**DATASET EXCERPTS:**
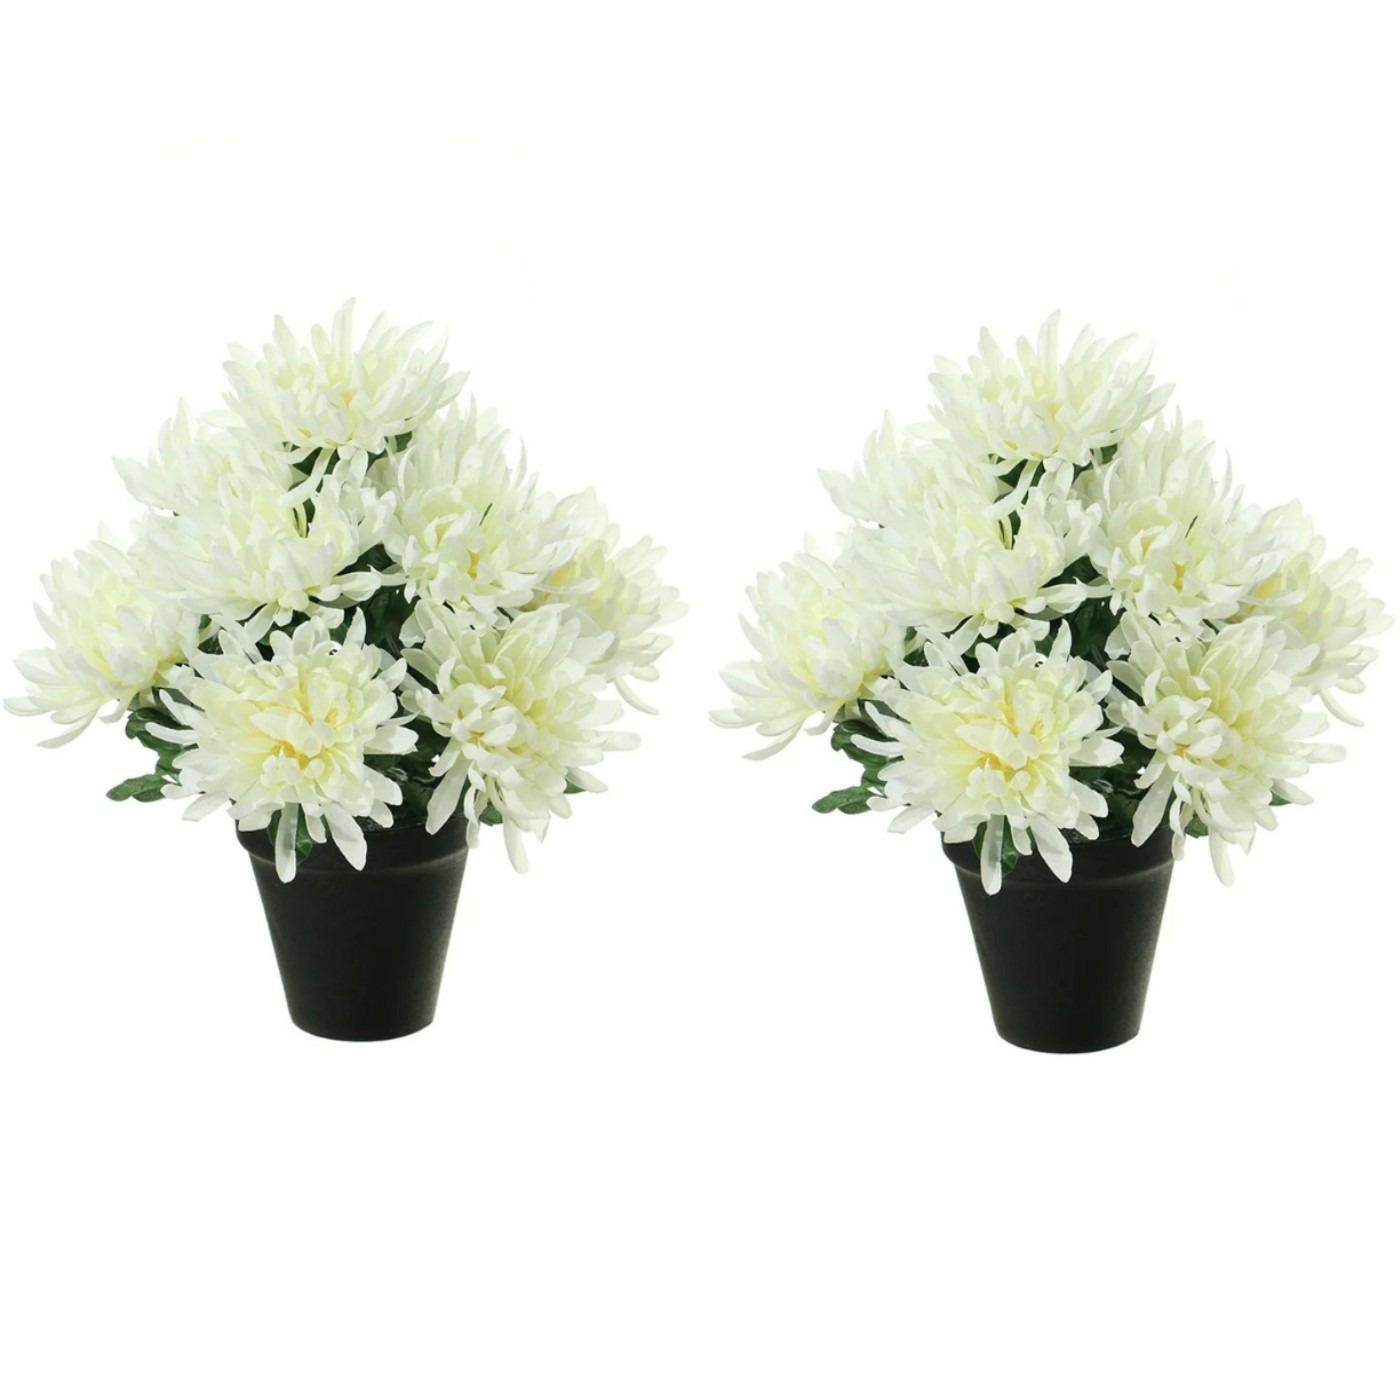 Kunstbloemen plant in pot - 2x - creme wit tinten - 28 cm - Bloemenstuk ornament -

--

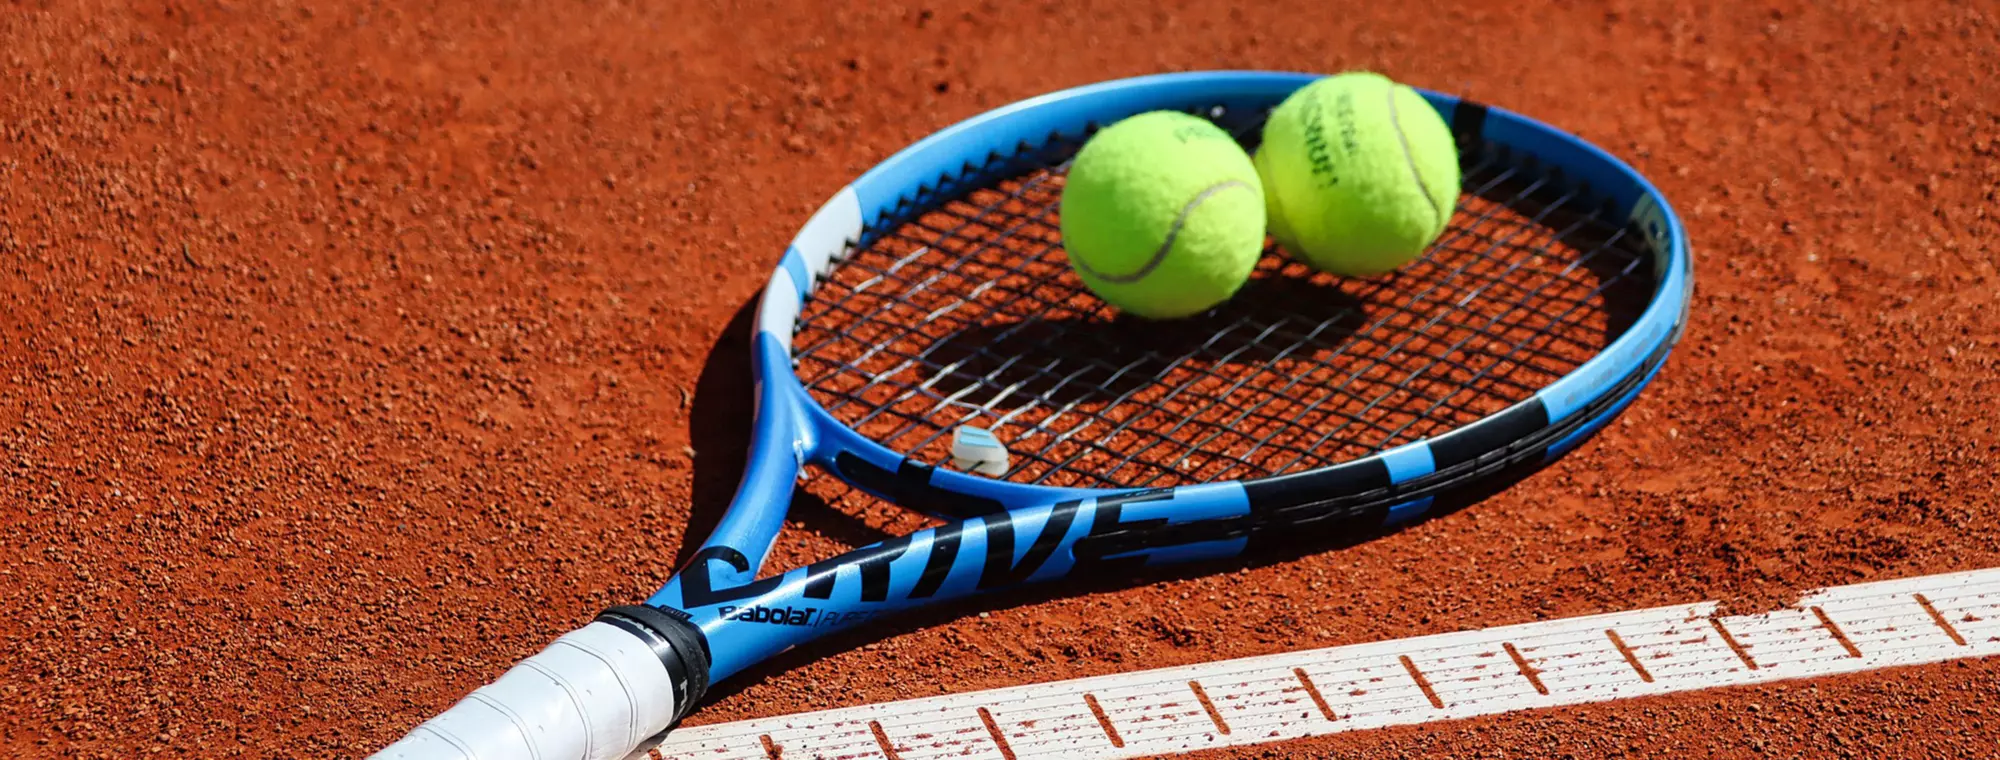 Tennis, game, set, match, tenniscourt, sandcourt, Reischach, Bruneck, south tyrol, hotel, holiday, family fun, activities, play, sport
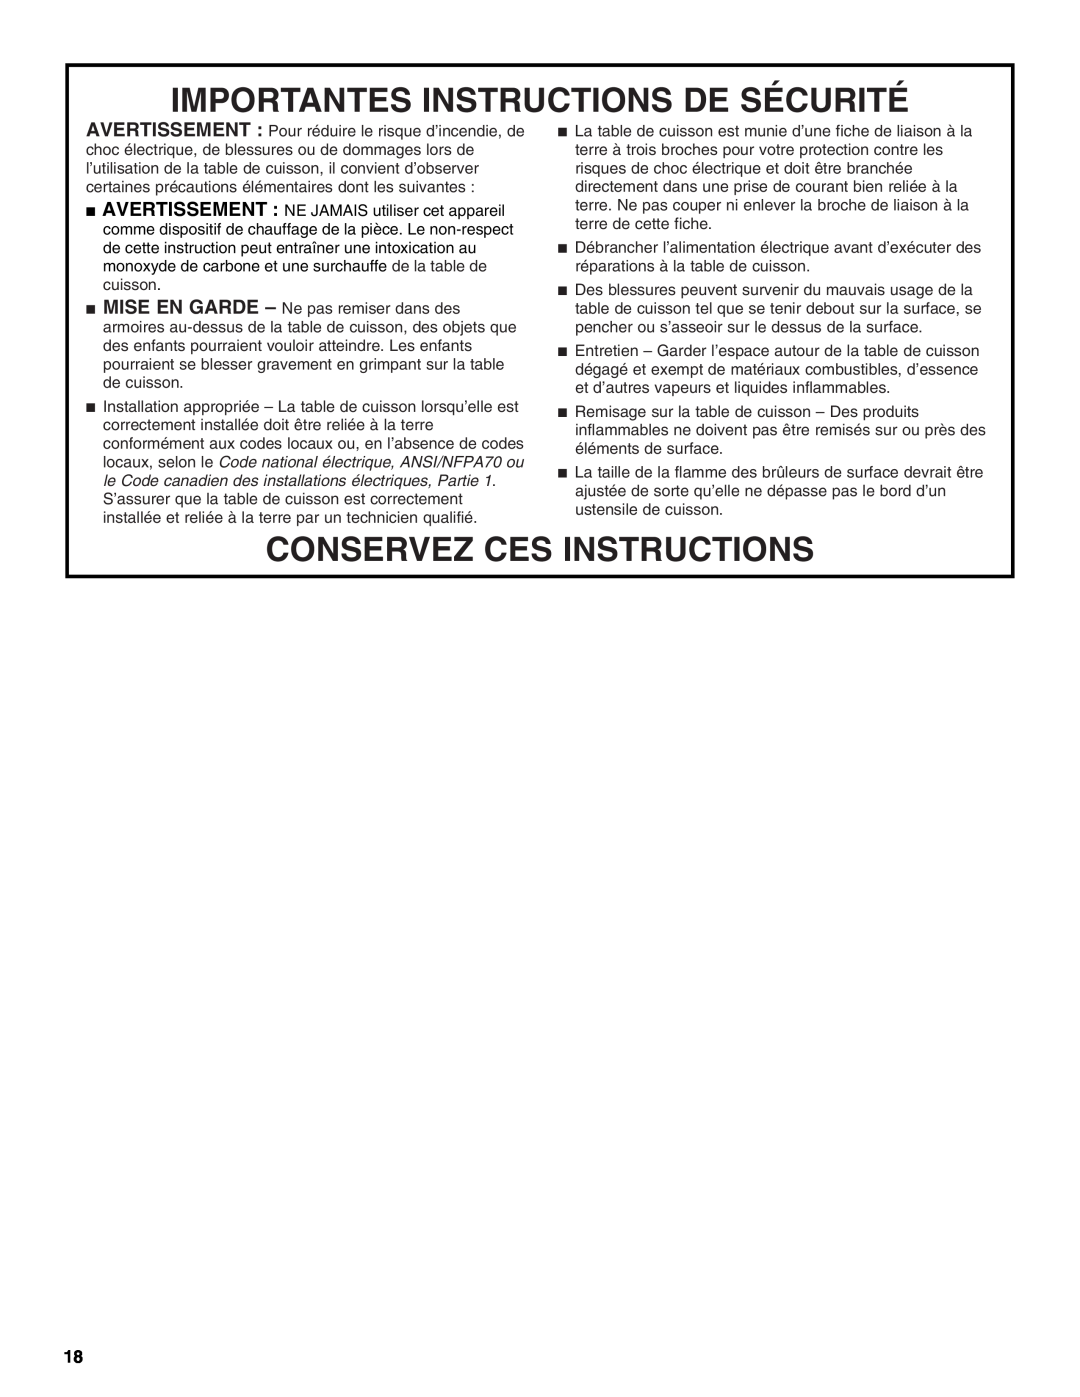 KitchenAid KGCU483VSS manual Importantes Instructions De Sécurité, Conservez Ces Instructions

**WORK REQUIRED:** Could you write out exactly the lines of the data above that run from the one holding "activities, play, sport" to the one holding "KitchenAid KGCU483VSS manual", with both ends in and all pictures out?

**RESPONSE BOX:**
 Tennis, game, set, match, tenniscourt, sandcourt, Reischach, Bruneck, south tyrol, hotel, holiday, family fun, activities, play, sport
 KitchenAid KGCU483VSS manual Importantes Instructions De Sécurité, Conservez Ces Instructions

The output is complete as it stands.